▶ _Brief_
The answer should consist of the full listing below, repeated exactly and free of pictures.

▶ _Available data_
◆ ◆ ◆

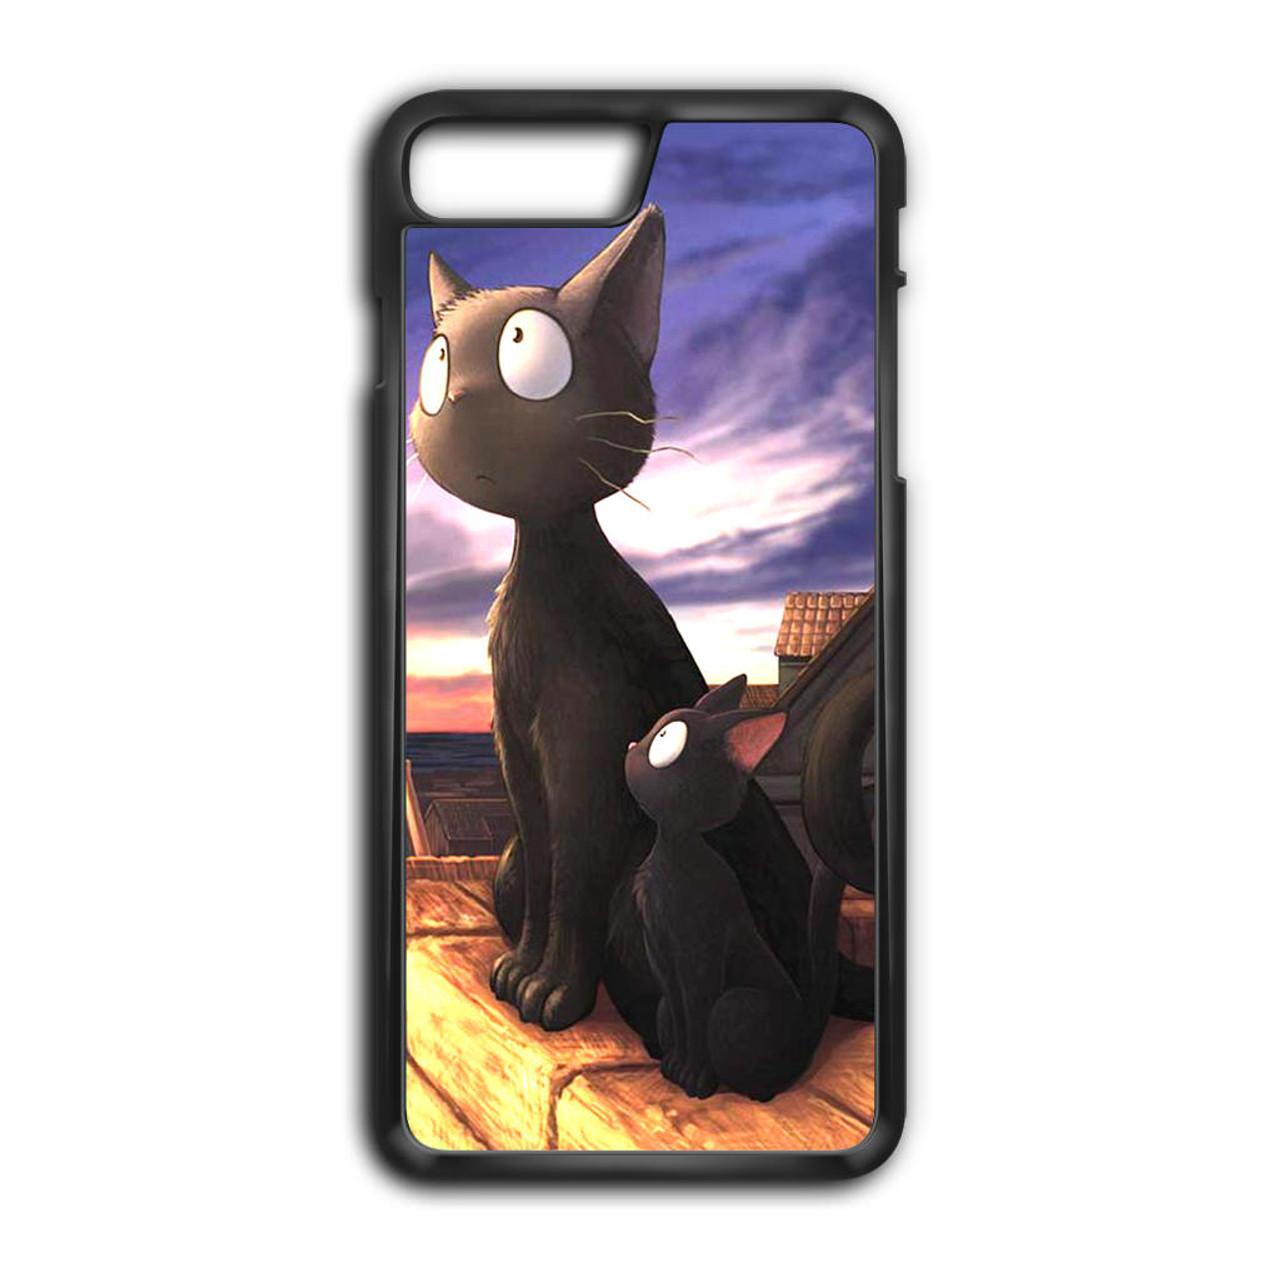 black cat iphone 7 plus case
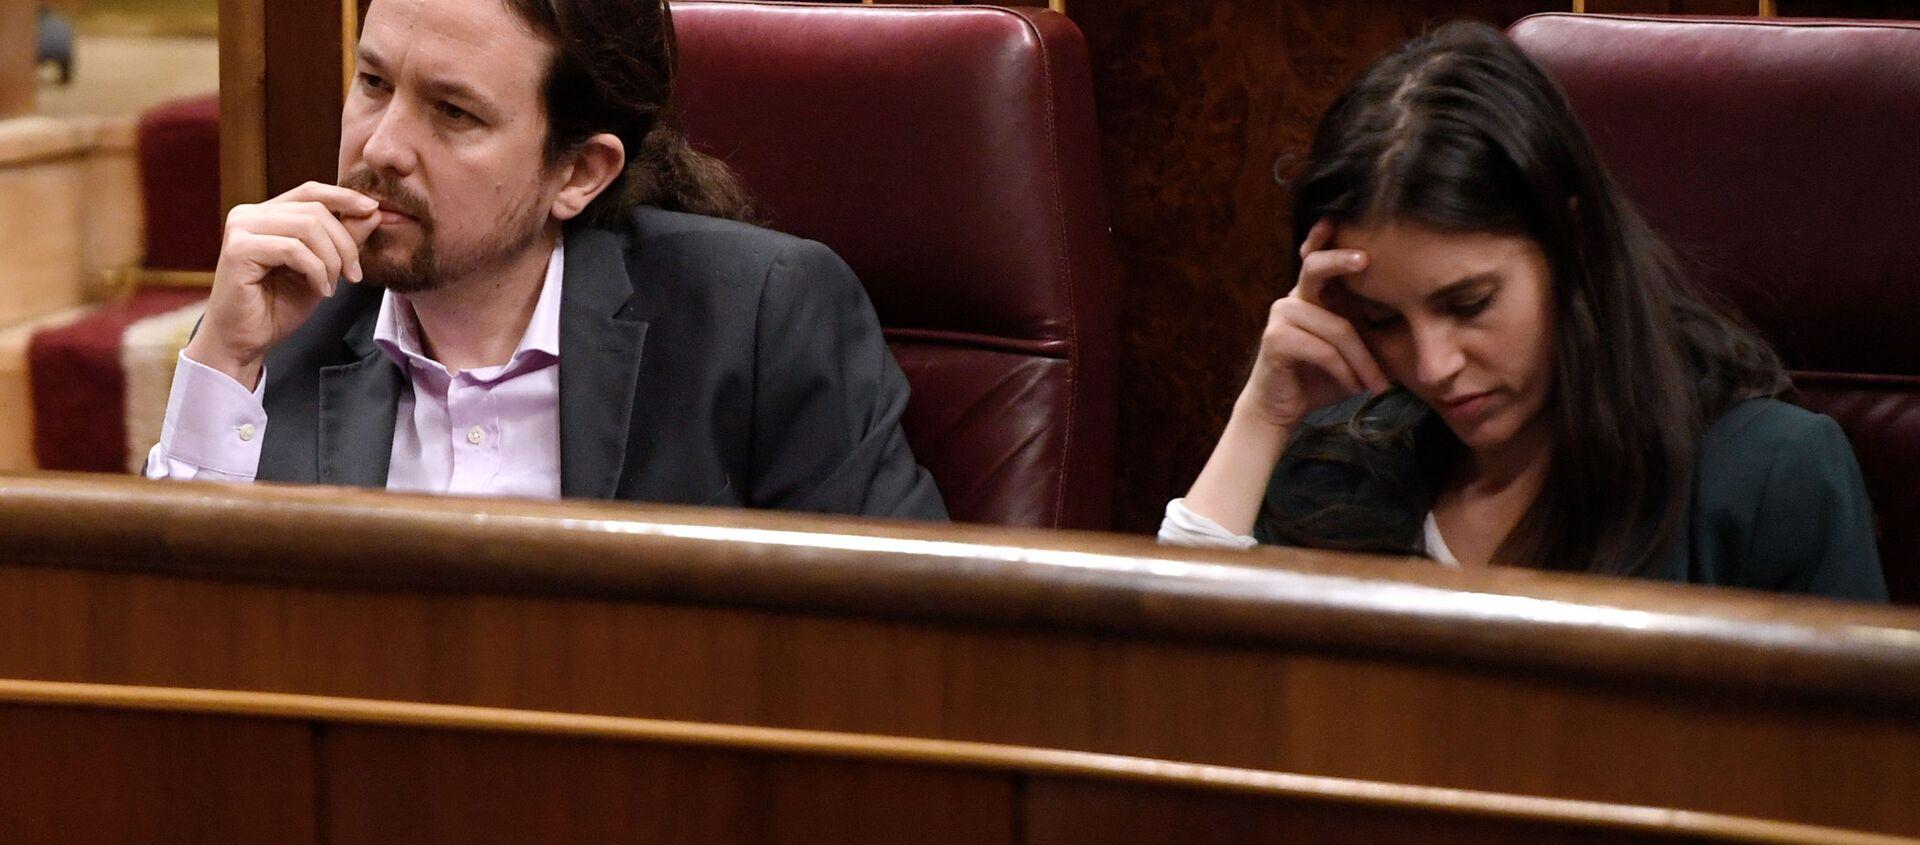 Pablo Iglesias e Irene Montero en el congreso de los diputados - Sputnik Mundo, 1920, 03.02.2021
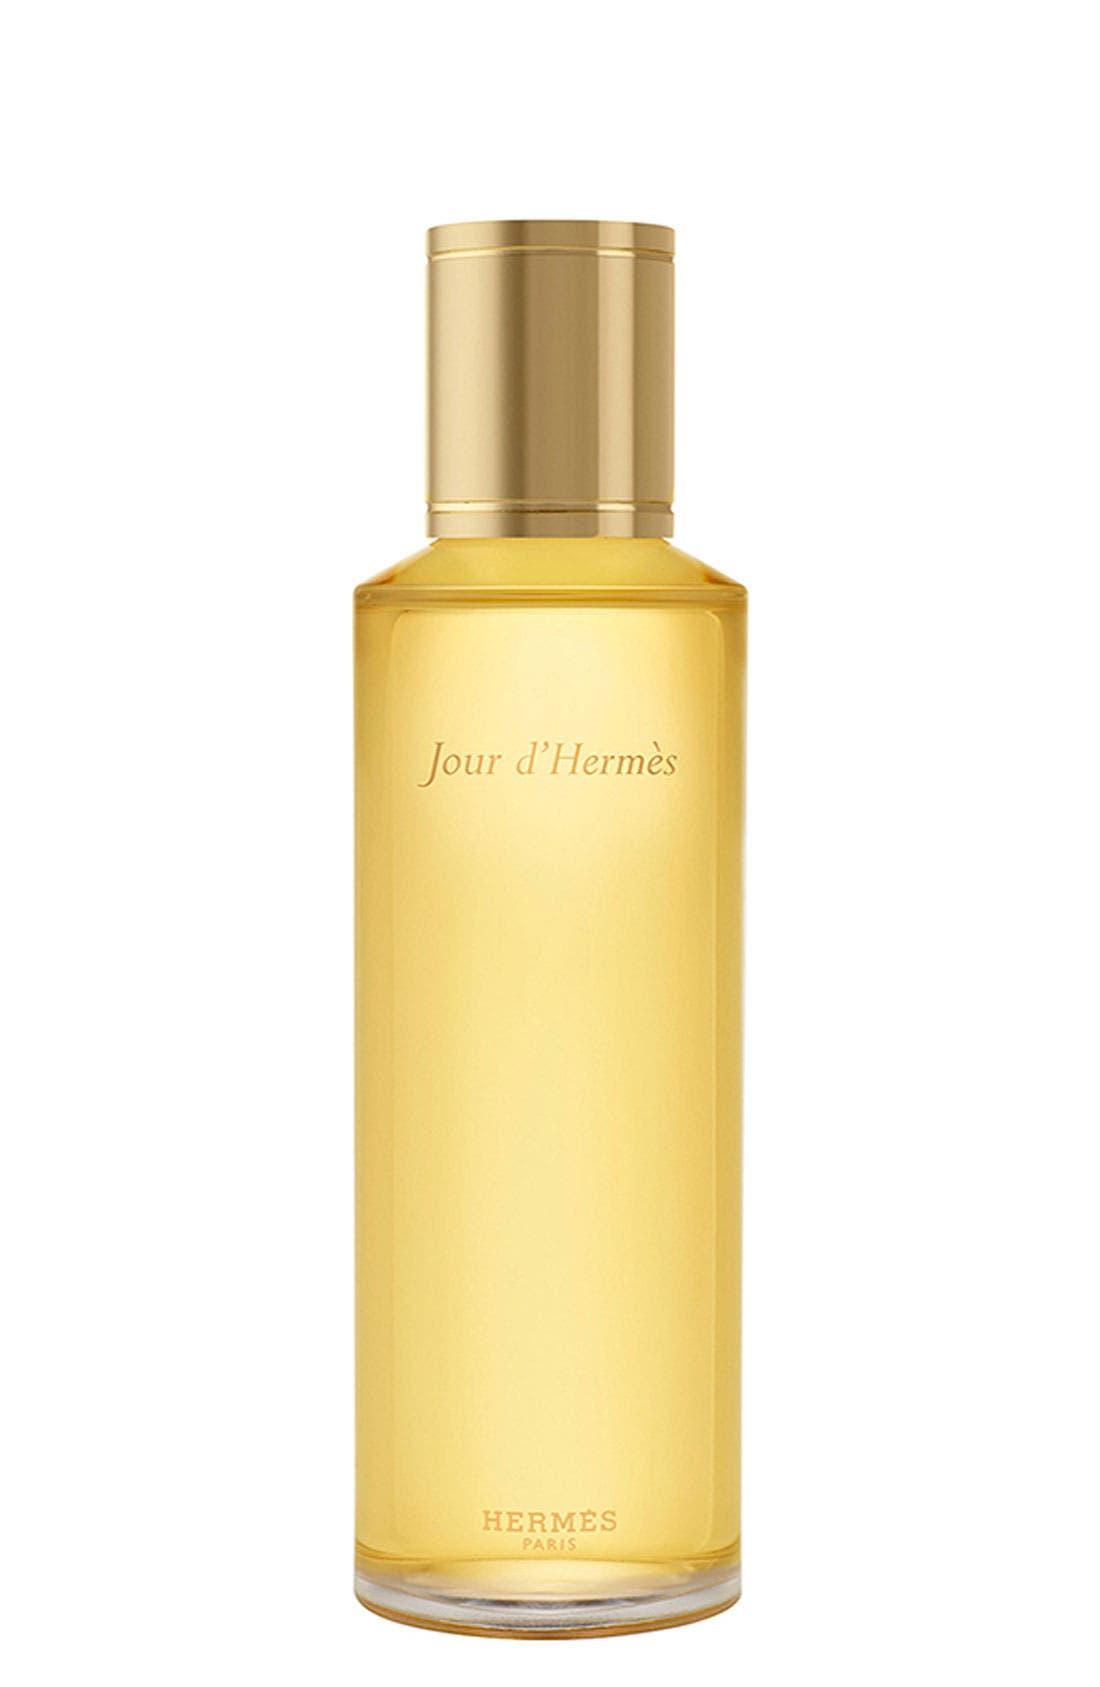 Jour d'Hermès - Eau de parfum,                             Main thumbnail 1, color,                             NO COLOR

◆ ◆ ◆

▶ _Result below_
 black cat iphone 7 plus case
 Pablo Iglesias e Irene Montero en el congreso de los diputados - Sputnik Mundo, 1920, 03.02.2021
 Jour d'Hermès - Eau de parfum,                             Main thumbnail 1, color,                             NO COLOR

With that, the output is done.